====== DATA FOR PROCESSING ======
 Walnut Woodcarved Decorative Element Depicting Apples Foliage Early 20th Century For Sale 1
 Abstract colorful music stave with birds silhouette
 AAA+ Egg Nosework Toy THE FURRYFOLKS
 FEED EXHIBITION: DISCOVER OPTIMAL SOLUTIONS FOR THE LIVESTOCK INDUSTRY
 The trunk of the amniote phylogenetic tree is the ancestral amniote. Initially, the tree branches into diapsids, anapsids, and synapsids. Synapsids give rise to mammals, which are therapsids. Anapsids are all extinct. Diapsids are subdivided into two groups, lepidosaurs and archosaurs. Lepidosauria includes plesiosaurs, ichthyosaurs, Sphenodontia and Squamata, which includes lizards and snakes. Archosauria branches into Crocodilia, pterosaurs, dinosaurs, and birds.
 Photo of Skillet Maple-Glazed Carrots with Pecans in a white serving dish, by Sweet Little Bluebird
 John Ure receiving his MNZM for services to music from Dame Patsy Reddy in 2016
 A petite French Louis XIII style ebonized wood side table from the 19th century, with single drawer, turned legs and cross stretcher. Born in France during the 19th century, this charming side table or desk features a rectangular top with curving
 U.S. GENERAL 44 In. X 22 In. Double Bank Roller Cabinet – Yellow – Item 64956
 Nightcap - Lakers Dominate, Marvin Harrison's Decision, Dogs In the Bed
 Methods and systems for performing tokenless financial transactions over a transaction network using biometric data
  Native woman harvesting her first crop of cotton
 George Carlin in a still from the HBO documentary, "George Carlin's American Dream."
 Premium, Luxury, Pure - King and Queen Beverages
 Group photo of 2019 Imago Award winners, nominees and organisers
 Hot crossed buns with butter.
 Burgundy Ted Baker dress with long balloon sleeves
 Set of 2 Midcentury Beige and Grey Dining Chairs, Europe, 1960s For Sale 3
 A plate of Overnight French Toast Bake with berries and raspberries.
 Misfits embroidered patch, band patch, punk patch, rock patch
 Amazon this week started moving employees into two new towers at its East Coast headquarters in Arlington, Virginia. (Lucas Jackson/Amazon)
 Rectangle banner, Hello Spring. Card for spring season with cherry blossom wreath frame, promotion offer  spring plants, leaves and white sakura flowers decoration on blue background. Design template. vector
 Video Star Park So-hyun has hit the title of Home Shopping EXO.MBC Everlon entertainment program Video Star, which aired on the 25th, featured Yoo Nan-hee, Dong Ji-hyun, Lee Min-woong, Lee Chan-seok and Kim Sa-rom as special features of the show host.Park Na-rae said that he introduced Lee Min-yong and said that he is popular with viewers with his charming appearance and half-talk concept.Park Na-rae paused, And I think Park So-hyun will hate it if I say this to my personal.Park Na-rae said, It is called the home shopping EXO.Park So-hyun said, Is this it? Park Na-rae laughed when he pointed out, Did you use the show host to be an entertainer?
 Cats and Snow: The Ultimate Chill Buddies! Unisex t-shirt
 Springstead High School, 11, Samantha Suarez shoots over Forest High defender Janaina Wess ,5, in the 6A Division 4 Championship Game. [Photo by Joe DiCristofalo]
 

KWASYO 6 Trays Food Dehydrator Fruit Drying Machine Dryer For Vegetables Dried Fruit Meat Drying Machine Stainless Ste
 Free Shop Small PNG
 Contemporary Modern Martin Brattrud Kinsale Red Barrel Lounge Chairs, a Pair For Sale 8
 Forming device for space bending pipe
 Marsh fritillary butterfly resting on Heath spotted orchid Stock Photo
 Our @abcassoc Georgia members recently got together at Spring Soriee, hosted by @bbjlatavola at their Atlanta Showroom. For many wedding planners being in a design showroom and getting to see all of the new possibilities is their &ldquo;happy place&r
======
REQUIRED WORK:
Each line from the top of the material above through the line with "The trunk of" must be echoed exactly, and no other line.

SOLVED PROBLEM:
 Walnut Woodcarved Decorative Element Depicting Apples Foliage Early 20th Century For Sale 1
 Abstract colorful music stave with birds silhouette
 AAA+ Egg Nosework Toy THE FURRYFOLKS
 FEED EXHIBITION: DISCOVER OPTIMAL SOLUTIONS FOR THE LIVESTOCK INDUSTRY
 The trunk of the amniote phylogenetic tree is the ancestral amniote. Initially, the tree branches into diapsids, anapsids, and synapsids. Synapsids give rise to mammals, which are therapsids. Anapsids are all extinct. Diapsids are subdivided into two groups, lepidosaurs and archosaurs. Lepidosauria includes plesiosaurs, ichthyosaurs, Sphenodontia and Squamata, which includes lizards and snakes. Archosauria branches into Crocodilia, pterosaurs, dinosaurs, and birds.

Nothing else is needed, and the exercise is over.